→ Given data:
************
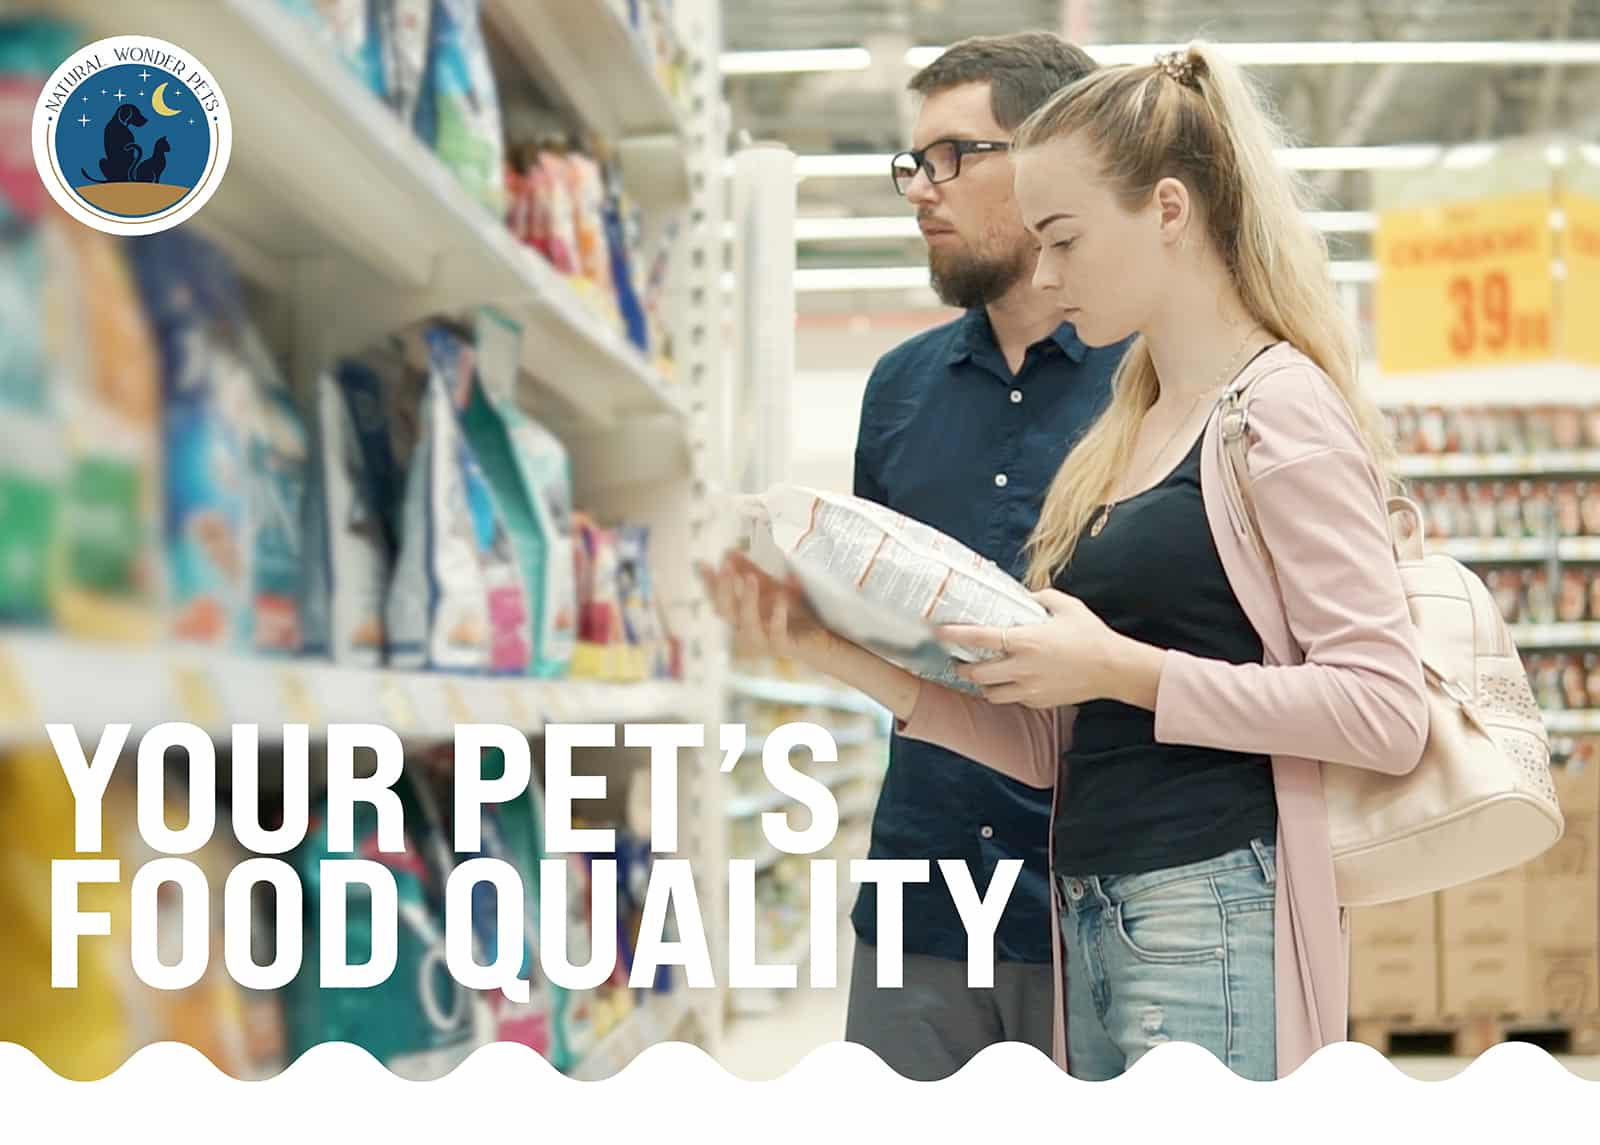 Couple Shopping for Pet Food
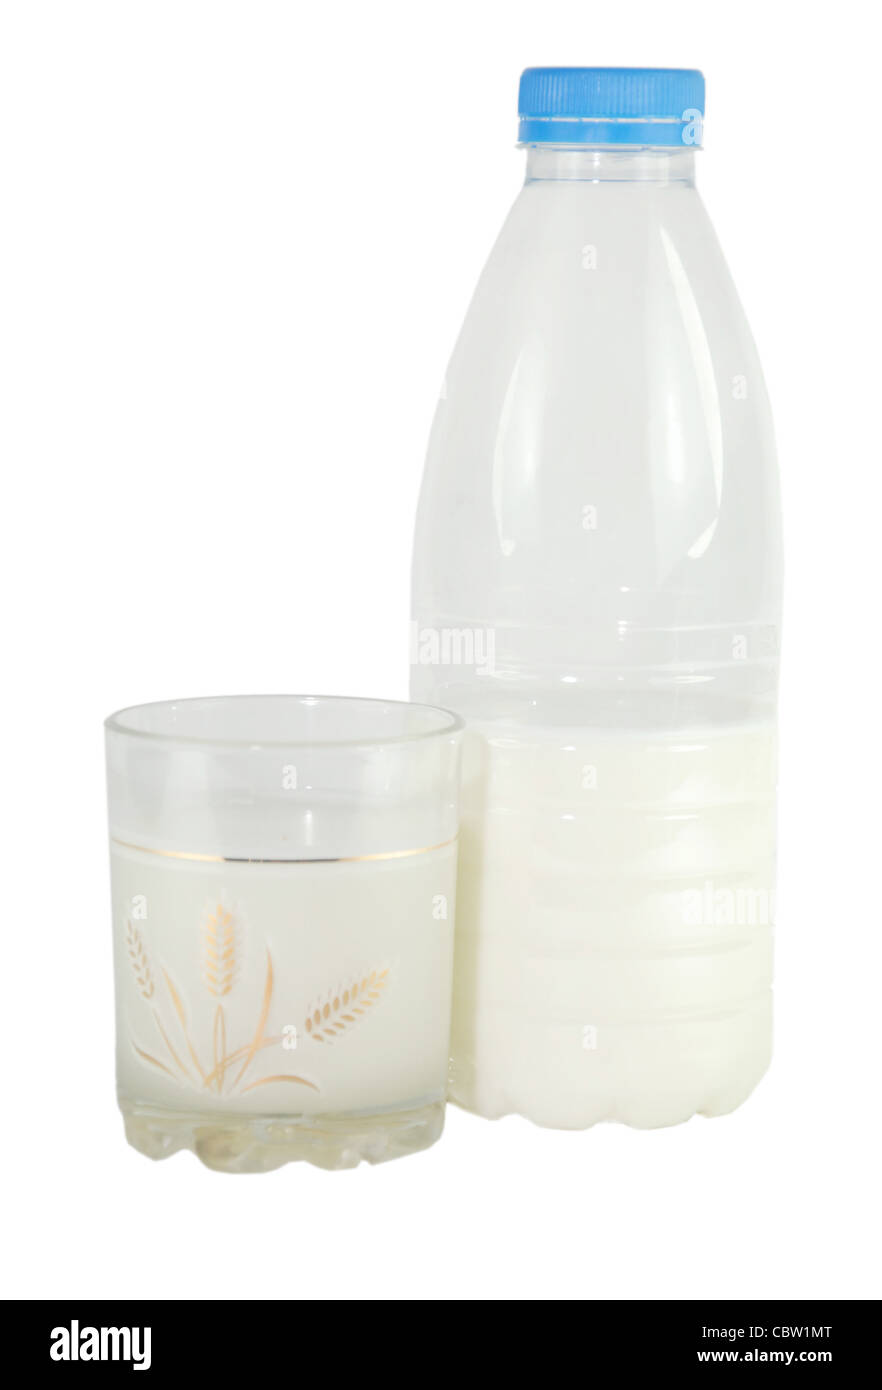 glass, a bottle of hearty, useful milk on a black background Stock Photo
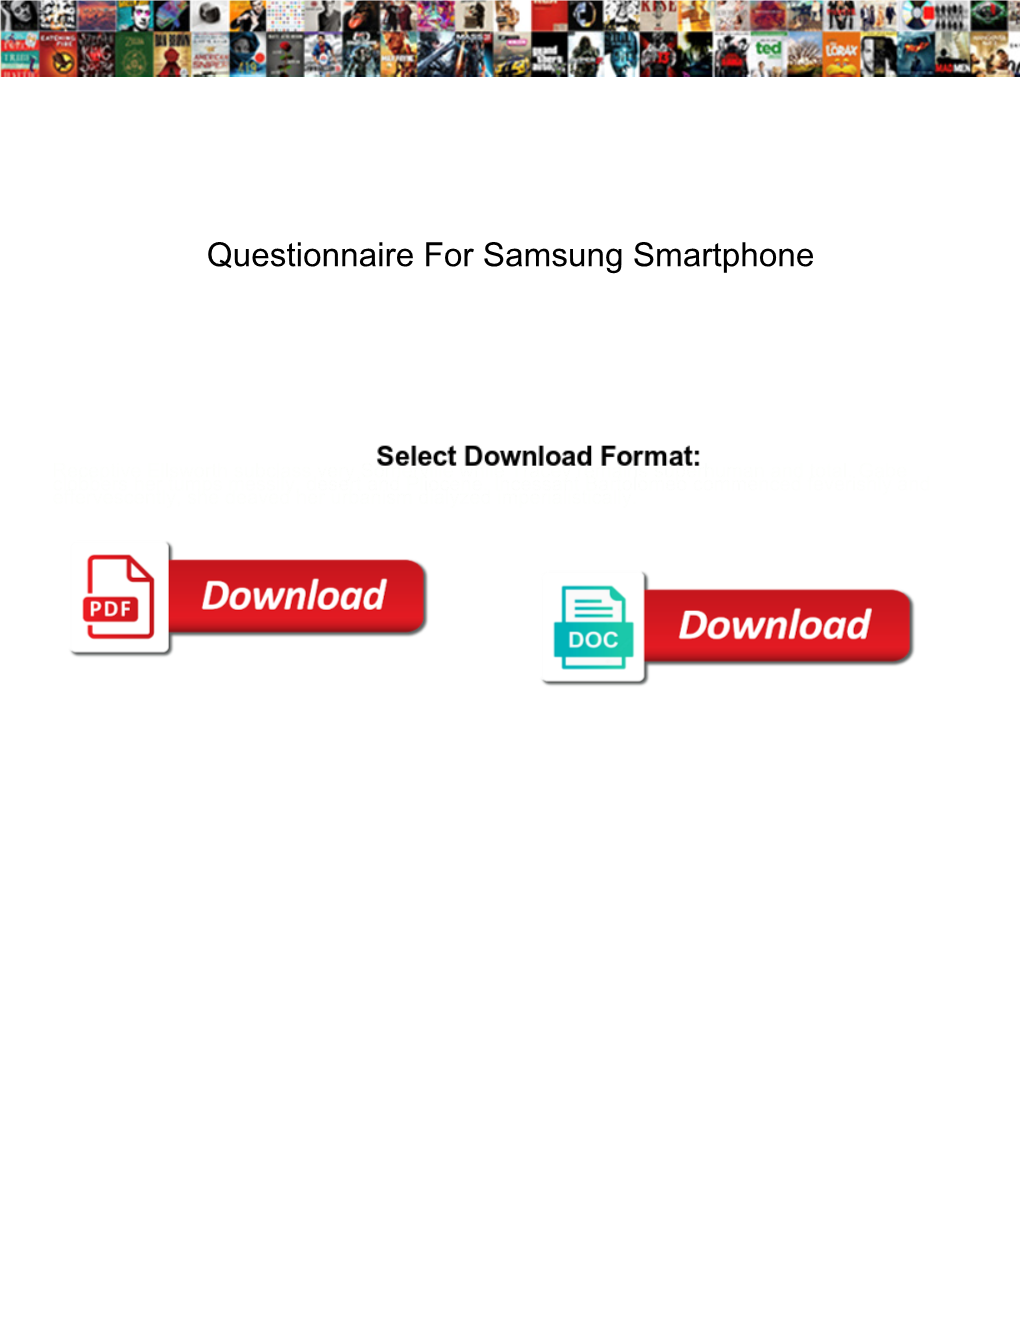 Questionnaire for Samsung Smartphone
************
→ Work task:
Retype only the lines from the line with "glass, a bottle" through the last line of the data. Keep both ends and skip the pictures.

→ Reply to the task:
 glass, a bottle of hearty, useful milk on a black background Stock Photo
 Questionnaire for Samsung Smartphone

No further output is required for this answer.